Re: more English orthography
From: | Herman Miller <hmiller@...> |
Date: | Thursday, May 18, 2000, 2:56 |
On Wed, 17 May 2000 16:02:49 -0400, Roger Mills <romilly@...> wrote:
>>Nik Tailor wrote:
>>>I suppose it depends on which definition you use of "phoneme". The
>>>definitions I learned and use do not allow two phonemes to share an
>>>allophone (at least in the same environment).
>>
>Marcus Smith replied:
>>That is a definition I haven't heard before.>
>
> Ah me, times do change! Nik's definition is also the one I
>learned-- pretty much "Classical (American) Phonemics" as it was
>Pre-Chomsky. It's still a useful tool for beginning analysis, and still
>works for some languages, like Spanish; but it could not handle
>neutralization. Theoretically, you were supposed to be be able to deduce
>Phonemics from Phonetics, _and vice-versa_......
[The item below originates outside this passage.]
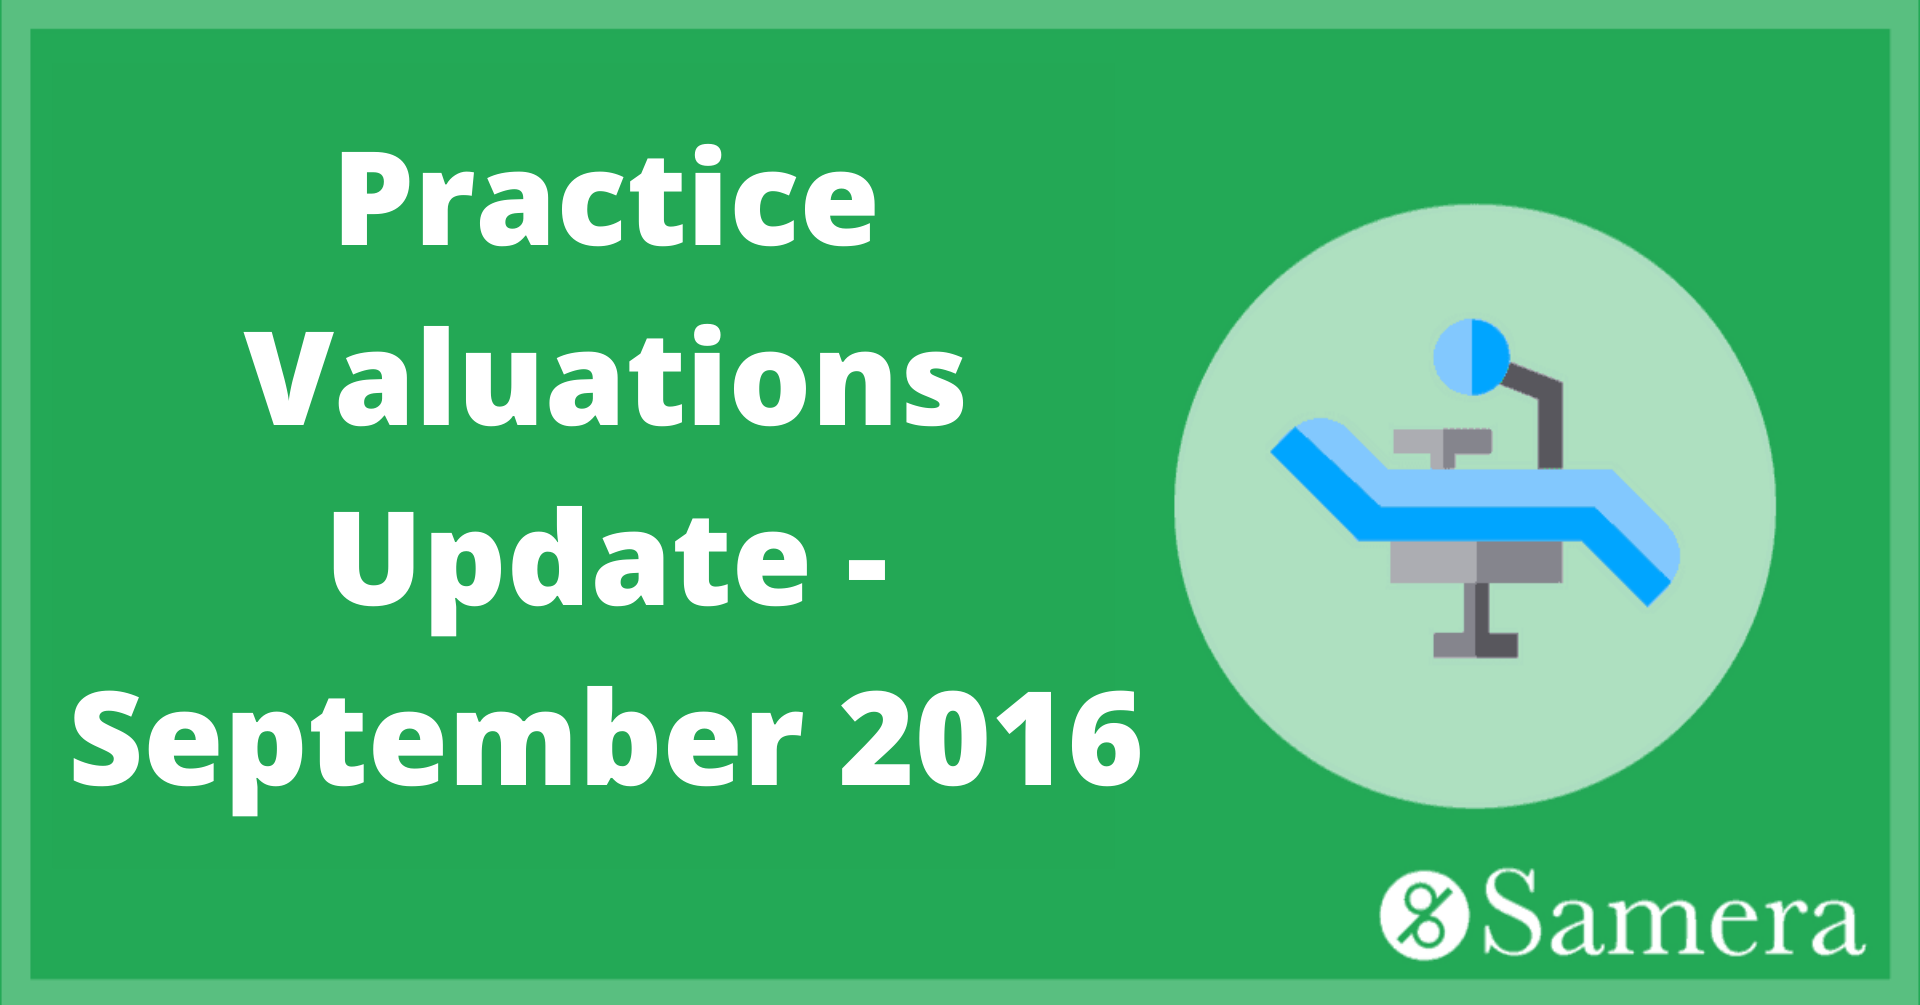 Practice Valuations Update - September 2016

Yes, that's also the system as I learned it. That's why I described Jarrda
spelling as morphophonemic rather than phonemic. (by the way, I'm leaning
toward "gy", as in "Magyar", to spell the [J\] sound, which would change
the language's name to Gyarrda.)
But I might as well consider it a phonemic spelling, according to the new
definition, since assimilation and devoicing are the only reasons it
wouldn't be considered phonemic under the old definition.